Let us take a step back and ask what this Budget really means for the NHS. The topic of today’s debate is investment and renewal, but this Budget means cost pressures are left unaddressed and reforms that are confused and disorientating. Inflation is forecast to run higher than the budget set by the Department of Health and Social Care back in March 2025 for the spending review. As a result, average real-terms growth in departmental budgets has shrunk by 0.1% since then.
The OBR notes that spending on branded medicines alone is expected to rise by 25%—an extra £3.3 billion—between 2025-26 and 2028-29. For context, that is equivalent to the budget for maternity care in England. Yesterday’s recent agreement confirms that it will be at least that sum, and possibly as much as another £6 billion a year, which is an eye-watering amount. Industrial action could add a further £1.2 billion by 2028-29. It is hard to see what would be left to repair our GP services, expand social care or take any of the other measures needed to lift the NHS off the floor.
On top of that, we have no clarity on the impact of the reorganisation of NHS England and ICBs. The Chair of the Public Accounts Committee has warned that the Department has removed
“a key piece of machinery without articulating a clear plan for what comes next”
and compared the reforms with those of HS2.
The 10-year plan sets out a vision that Liberal Democrats share, but it is missing any clear explanation of how it will be funded within the spending review settlement. Nowhere, across 170 pages, is there a credible costing or delivery plan. Five months on, we still have no idea whether the Government can deliver the essential reforms that they have promised.
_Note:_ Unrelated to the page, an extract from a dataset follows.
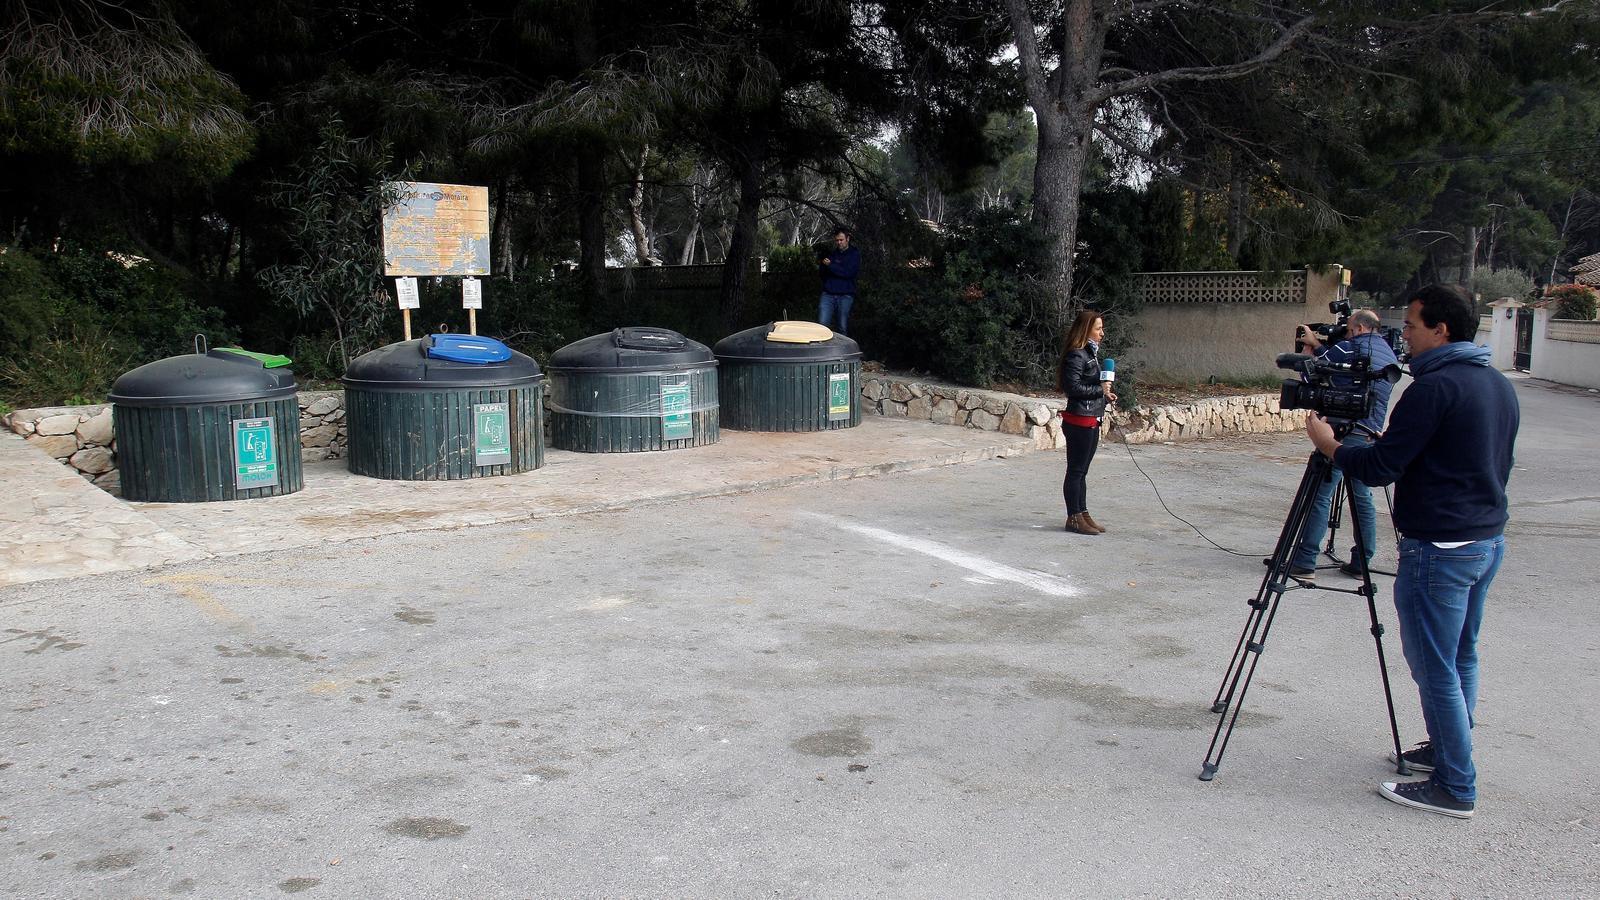 Contenidors on han trobat el cadàver d'una dona a la localitat valenciana de Moraira

Unless the Government adopt a genuine “spend to save” approach, investing now to prevent greater costs and worse outcomes later, we are at risk of seeing only managed decline, mounting pressure and the continued loss of faith in the health service.
Rather than Labour’s unfair tax rises, we have set out a number of fair ways to fund our public services properly. Most importantly, this Government are refusing properly to fix our broken relationship with Europe. We are calling for a new EU-UK customs union, which could raise more than £25 billion a year. The Government would have plenty of time to put the deal in place by 2030, raising billions in extra tax revenue in a fair way after 2030. We have also called for a targeted windfall tax on the big banks, which would raise £30 billion in total by 2030.
Let me take this opportunity to say to the Government that if we are to rescue the NHS, they must tackle the crisis at its front door and at its back door. That means investing in public health and early access to community services, including GPs, pharmacists and dentists, so that fewer people need to go to hospital in the first place. It also means fixing the crisis in social care to stop so many people being stuck in hospital beds. Only these measures can bring down waiting lists, improve the quality of care and help people live longer, healthier lives. The NHS needs transformational change; the Government must wake up from their complacency, or it will be patients who pay the price.